According to Bank of America strategists, the health care and consumer staples sectors should hold up better than others and are more likely to have positive earnings surprises. Health care earnings are expected to be up just 1%, and consumer staples just about the same.
“We think most of the damage is done, given the rally off the lows,” Keon said. “I wouldn’t be surprised to see it go up and down here probably quite violently as we have for the last couple of weeks. I just think the risk/reward equation is not compelling.”
The S&P 500 was off about 1% Monday at 2,761, after gaining 12.5% in the past week, its best weekly performance since 1974. The S&P 500 hit a low of 2,191 on March 23, in a 34% decline. Analysts have said the market may look past some of the earnings numbers, but the company comments and lack of ability to forecast could be troubling.
“How will the economy react?
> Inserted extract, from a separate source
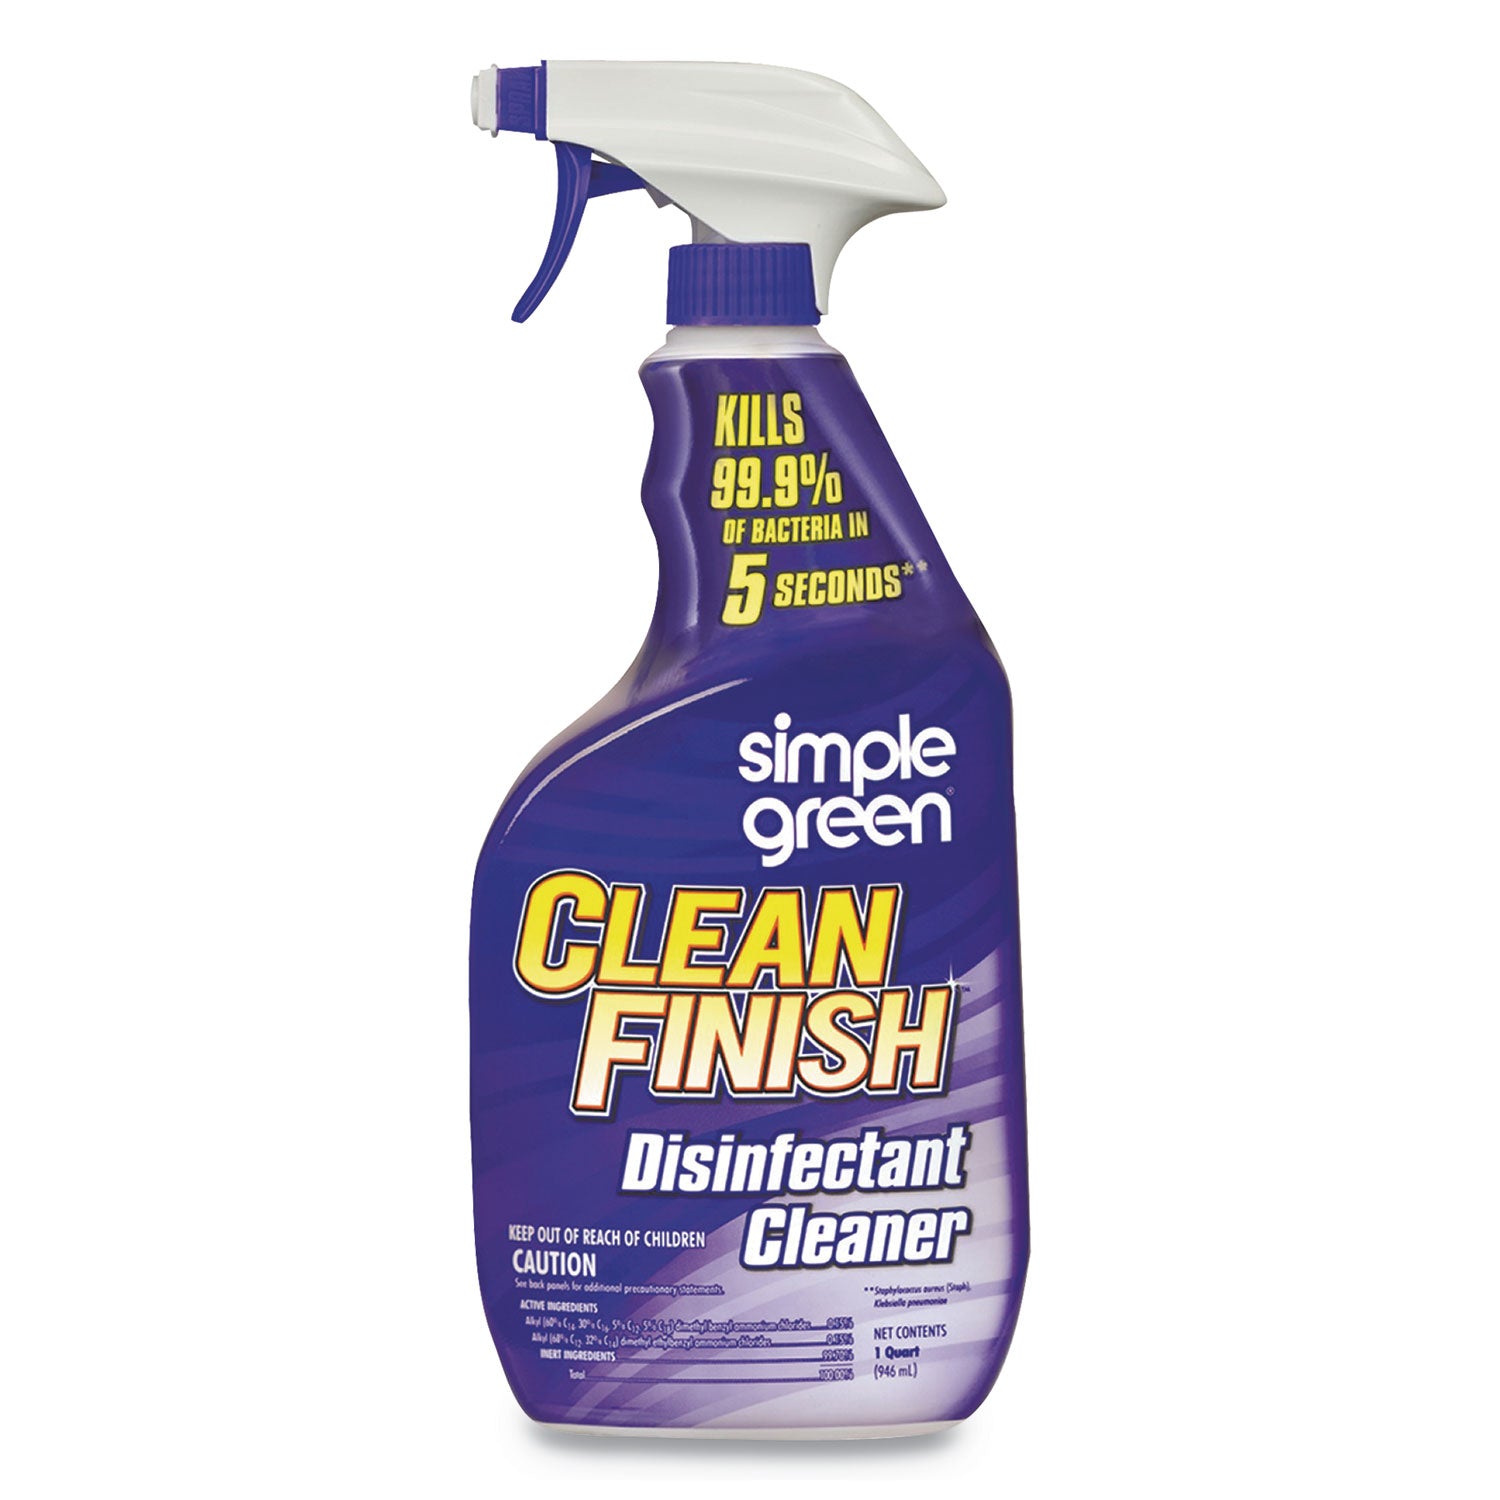 clean-finish-disinfectant-cleaner-herbal-32-oz-spray-bottle-12-carton_smp01032 - 1

How will people react Will we go back to old habits soon or will it take a year?” said Keon. “We’ll see the guidance of course, but … the companies will be guessing just as we’re going to be guessing what the impact will be.”
Energy companies with high debt are seen as vulnerable, as are companies in travel and leisure and some retailers. “Not every company is going to survive this downturn and so trying to sort out which ones are likely to survive and which ones will thrive when this is over is gong to be a challenge for investors,” Keon said.
Boockvar said companies, like Johnson & Johnson and Coca-Cola have solid balance sheets, but other companies could send up red flags. “It’s going to be a different type of conference call than a lot of people are going to be used to, when you’re going to have equity guys asking questions about debt covenants,” he said.
Some companies will also be slashing dividends to preserve cash. “A good balance sheet can turn into a bad one rather quickly when you’re revenues are going to zero,” said Boockvar.
As stocks sold off Monday, bonds were also selling off. The 10-year yield was at 0.74%, and it was reacting more to the Fed’s policies, while equities keyed off of earnings, said Michael Schumacher, director rates at Wells Fargo. Typically investors buy bonds while stocks sell off.
“The whole bond equity correlation is still misbehaving. We think that’s a canary in the coal mine that there is still balance sheet disruptions and not everybody is focused on the same type of thing,” he said. “In a month or two, it might come together.”